# quick question on the e38 2000 740il



## youngest740ownr (Aug 20, 2007)

hey guys i just bought a 2000 e38 740il and i drove it from cali to oregon right after a full oil change and the car had run out of oil and had a little rod knock like sound... i checked the oil and it was very very low so i put about 8 qt's of 10 40 castrol synthic oil and the knock stopped... but it smokes a little bit and before i put the oil in if i were to step on the gas a bigggggggggggggggggggggg ass cloud of smoke would come out the muffler... i guess the owner was from beverlly hills and didnt give a fuuuk about the car .. ne ways my question is how do i stop the smoking and what oil do u guys recomend? also ... the guy had sold the cd changer for liek 150 and bought a new one cuz i wanted it in there for liek 400 bucks but it says on the lil tv that its reading the cd's and then it says cd check ... then it says cd 1 track 1 
but no sound comes out.... what should i do? i only put v power 92 octone from shell and i also forgot to add that when i would open the oil cap there was sludge there... and when i rubbed my finger in the oil thing there was sludge there too ... and after the car starts and runs for like 5- 10 mins its still smoking... should i take it to the bmw dealer ship?..

help me out plz....thank you


----------



## youngest740ownr (Aug 20, 2007)

also .. how do i get rid of the service engine soon... i checked the oil after drivin it for 4 hours and it was perfect


----------



## crewdog843 (Mar 15, 2006)

You're going to have to sit down and put your narrative in the proper sequence.

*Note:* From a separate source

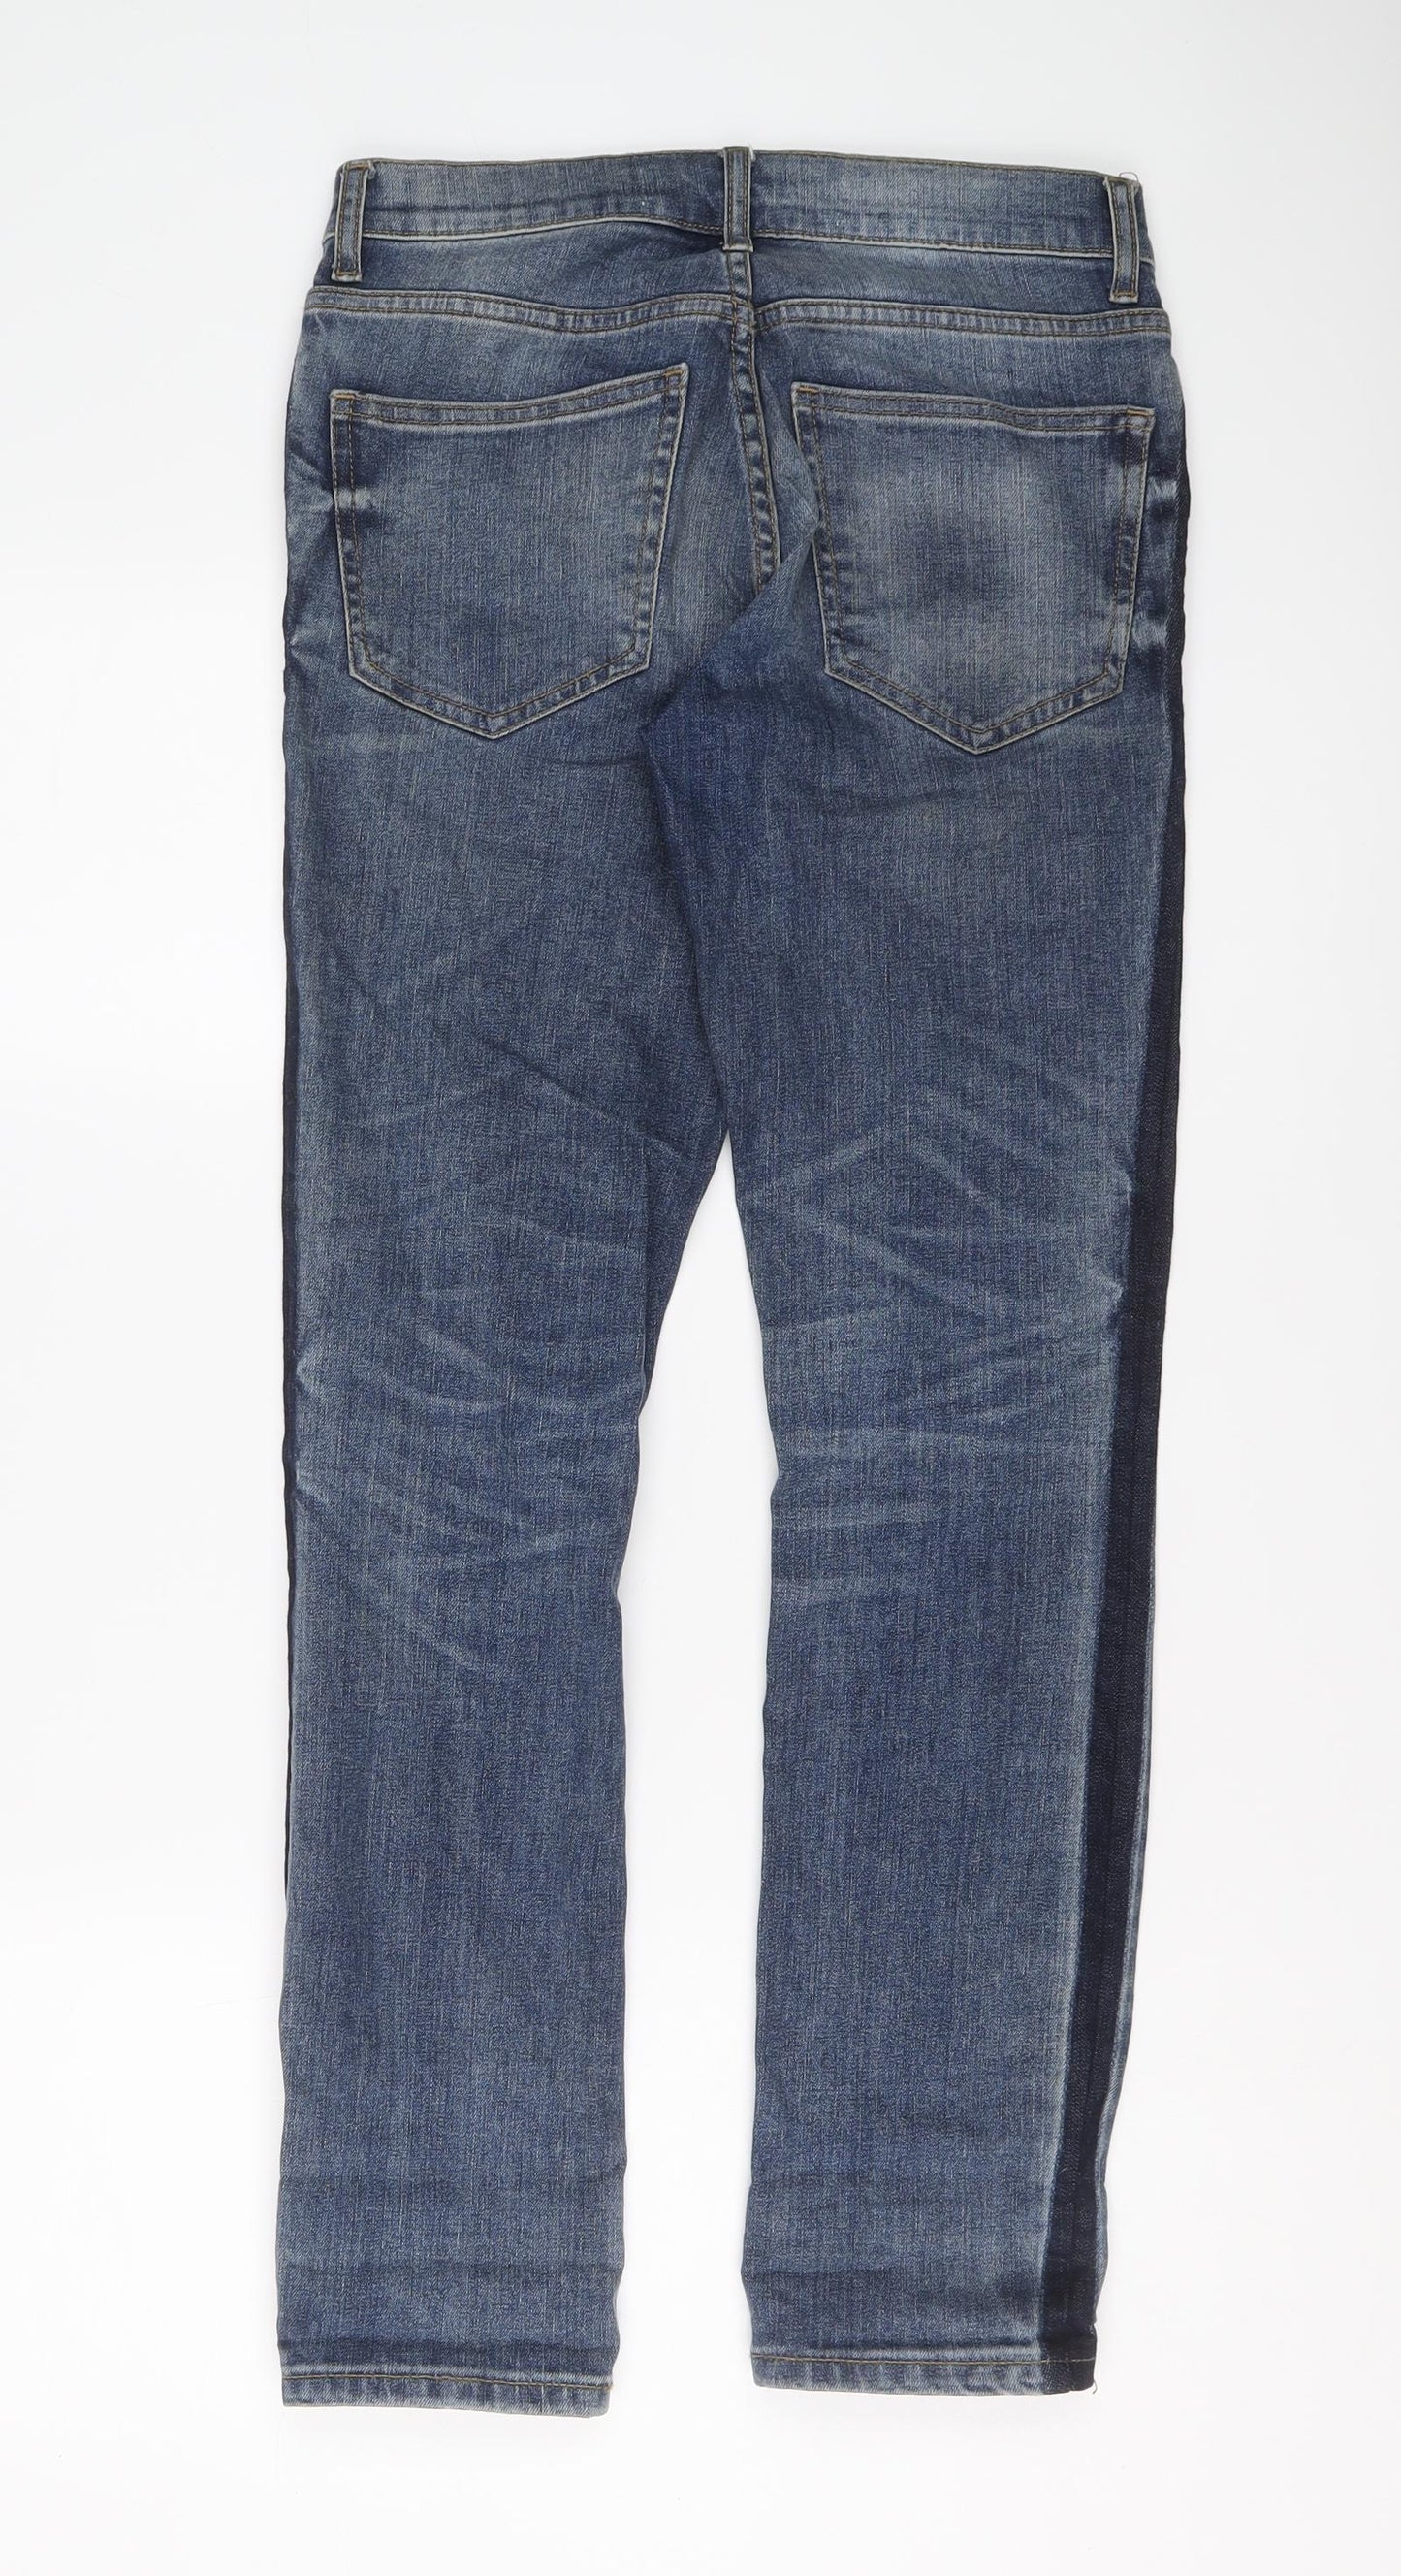 Burton Mens Blue Cotton Skinny Jeans Size 28 in L29 in Regular Button

If I understand what you are saying correctly, you purchased the car and changed the oil before driving from California to Oregon. When you got to Oregon, you discovered that there was almost no oil in the car so you added ?about? eight quarts of 10W-40 synthetic oil.

Did you, by any chance, look out your rear view mirror on the trip north, and did you notice any smoke trail? It sounds to me like your rings are shot, and/or your valve guides are shot as well. In either case, not an enviable position to be in. Your car may need to be seen by a professional (not necessarily the dealer, but certainly by a mechanic familiar with BMWs).

When you say 'sludge', do you mean thick dark oil, or do you mean something which looks like an oily chocolate milkshake. If it is the latter, you have coolant leaking into your oil possibly from a blown head gasket, and your engine life has been consideratly shortened.
If it is the former, a couple of engine oil flushes should loosen most of it and get rid of it but you also stand a good chance of blocking some of the smaller passages inside the engine. In the old days, folks would drain the oil, fill the crankcase with kerosene, run for a few minutes, flush, fill with clean oil and monitor. Today, there are products such as Seafoam which you can add to your oil, run the engine for a short while (follow directions), flush and refill.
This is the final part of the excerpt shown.